A list of onboarding tasks can be found [here](https://github.com/pytorch/pytorch/issues?q=is%3Aopen+is%3Aissue+label%3A%22module%3A+distributed%22+label%3A%22topic%3A+bootcamp%22) and [here](https://github.com/pytorch/pytorch/issues?q=is%3Aopen+is%3Aissue+label%3A%22module%3A+distributed%22+label%3Apt_distributed_rampup).

## RPC Framework

The figure below demonstrates the overall architecture of the RPC framework.

![RPC_ARCH](../../docs/source/_static/img/rpc_arch.png)

The top level APIs for the RPC framework can found in [rpc/api.py](rpc/api.py) and majority of the code is actually written in C++. The pybind entrypoints can be found in [rpc/init.cpp](../csrc/distributed/rpc/init.cpp).

The RPC framework consists of several additional components:

### RPC Agents

The core C++ interface of the RPC framework can be found in [rpc_agent.h](../csrc/distributed/rpc/rpc_agent.h) and the TensorPipe implementation can be found at [tensorpipe_agent.h](../csrc/distributed/rpc/tensorpipe_agent.h).

[request_callback.h](../csrc/distributed/rpc/request_callback.h) and [request_callback_impl.h](../csrc/distributed/rpc/request_callback_impl.h) deal with how to handle RPC calls on remote servers.

### Remote Reference (RRef)

Most of the APIs for RRefs can be found in [rpc/api.py](rpc/api.py).
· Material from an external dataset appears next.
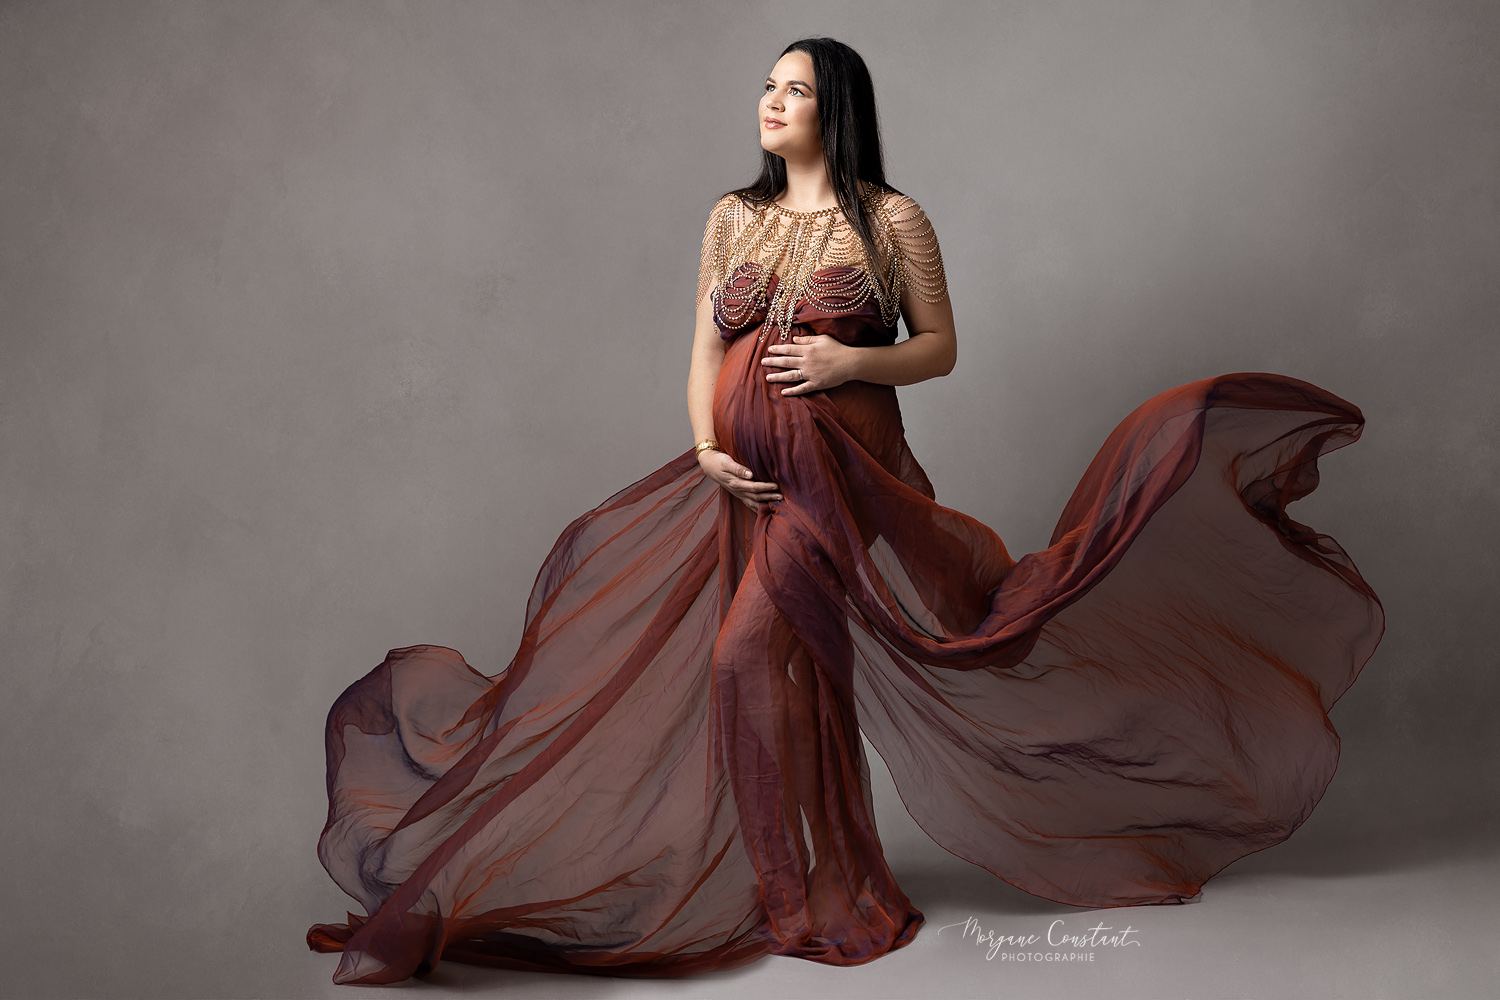 femme enceinte avec un voilage rouge qui flotte autour d'elle

The C++ interface can be found in [rref_interface.h](../../aten/src/ATen/core/rref_interface.h) and implementations in [rref_impl.h](../csrc/distributed/rpc/rref_impl.h) and [rref_context.h](../csrc/distributed/rpc/rref_context.h).

### Distributed Autograd

The top level APIs for distributed autograd can be found in [distributed/autograd/init.py](autograd/__init__.py) and [distributed/autograd/init.cpp](../csrc/distributed/autograd/init.cpp).
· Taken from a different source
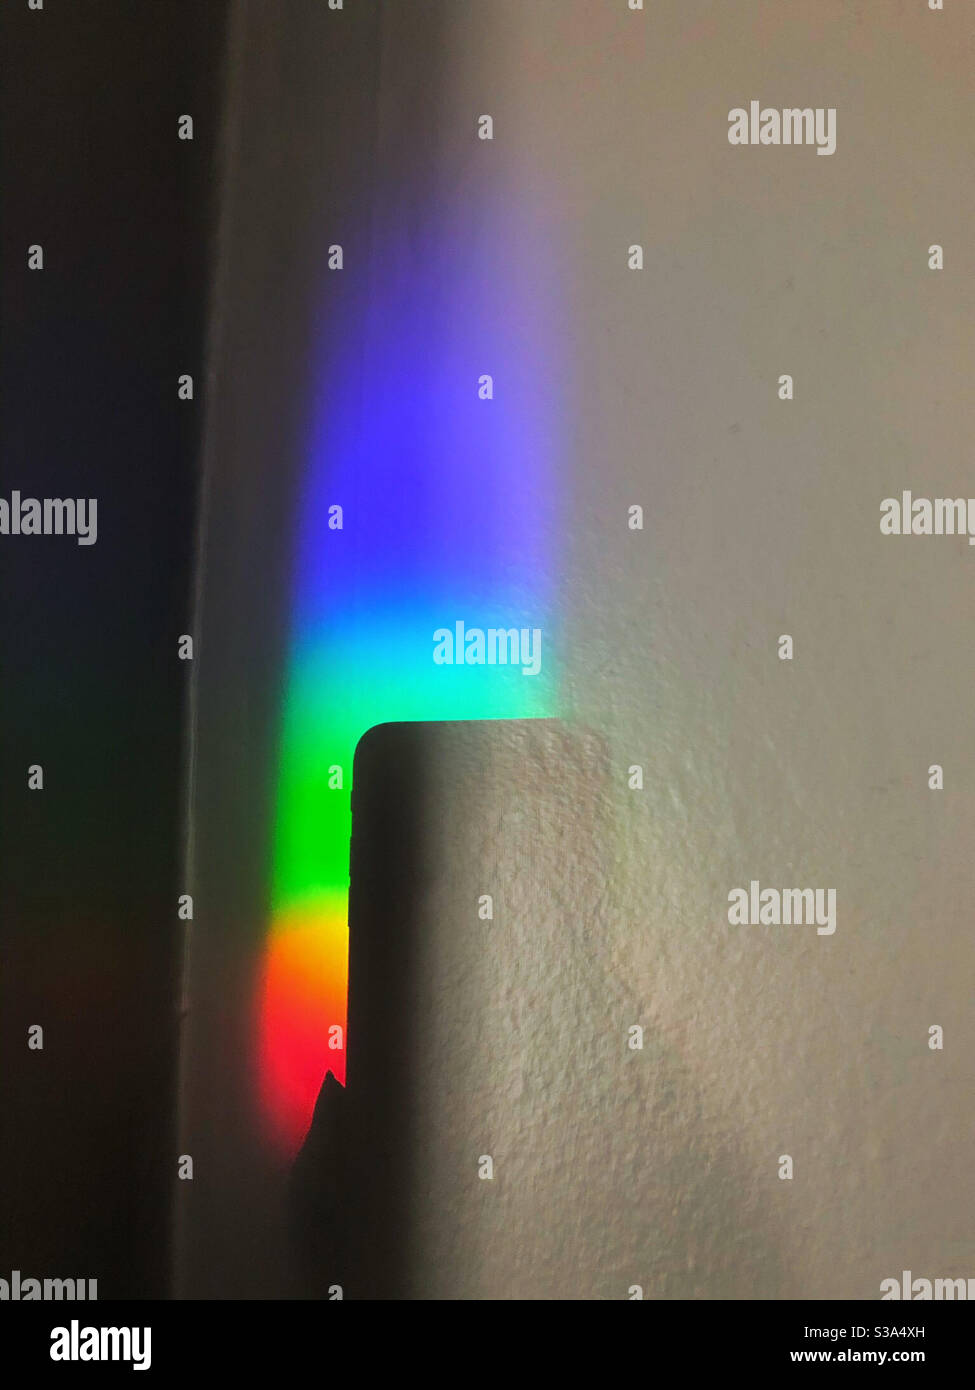 La donna fotografa il prisma dell'arcobaleno utilizzando la fotocamera dello smartphone, mostrata dall'ombra, all'interno della casa Foto Stock

The core engine for executing a distributed backward pass can be found in [dist_engine.h](../csrc/distributed/autograd/engine/dist_engine.h)

### Distributed Optimizer

The distributed optimizer is completely written in Python and can be found at [optimizer.py](optim/optimizer.py)

### Onboarding Tasks

A list of onboarding tasks can be found [here](https://github.com/pytorch/pytorch/issues?q=is%3Aopen+is%3Aissue+label%3Apt_distributed_rampup+).

## Running unit tests

All the unit tests can be found under the [test/distributed](../../test/distributed) directory and RPC tests in particular are under [test/distributed/rpc](../../test/distributed/rpc). A few examples on how to run unit tests:

```
# Run the c10d unit tests.
python test/distributed/test_c10d_common.py
python test/distributed/test_c10d_gloo.py
python test/distributed/test_c10d_nccl.py

# Run the Store tests.
python test/distributed/test_store.py

# Run Process Group Wrapper tests.
python test/distributed/test_pg_wrapper.py

# Run distributed tests, including tests for Distributed Data Parallel.
python test/run_test.py --verbose -i distributed/test_distributed_spawn

# Run a single test in the test_distributed_spawn test suite.
touch /tmp/barrier && TEMP_DIR="/tmp" BACKEND="nccl" WORLD_SIZE="2" python test/distributed/test_distributed_spawn.py -v TestDistBackendWithSpawn.test_ddp_profiling_torch_profiler

# Run the RPC test suite for the TensorPipeAgent.
python test/distributed/rpc/test_tensorpipe_agent.py
python test/distributed/rpc/cuda/test_tensorpipe_agent.py

# Run the RPC test suite for the FaultyAgent
python test/distributed/rpc/test_faulty_agent.py

# Run a specific test method. Uses pytest (pip install pytest).
# ProcessGroup gloo/nccl test
pytest -vs test/distributed/test_c10d_common.py -k test_multi_limit_single_dtype

# RPC test
pytest -vs test/distributed/rpc/test_tensorpipe_agent.py -k test_get_worker_infos
```

Note that the RPC framework is by default only tested with filesystem [initialization](https://pytorch.org/docs/stable/distributed.html#initialization). To run tests with TCP initialization, set the
environment variable `RPC_INIT_WITH_TCP=1` before running your test command.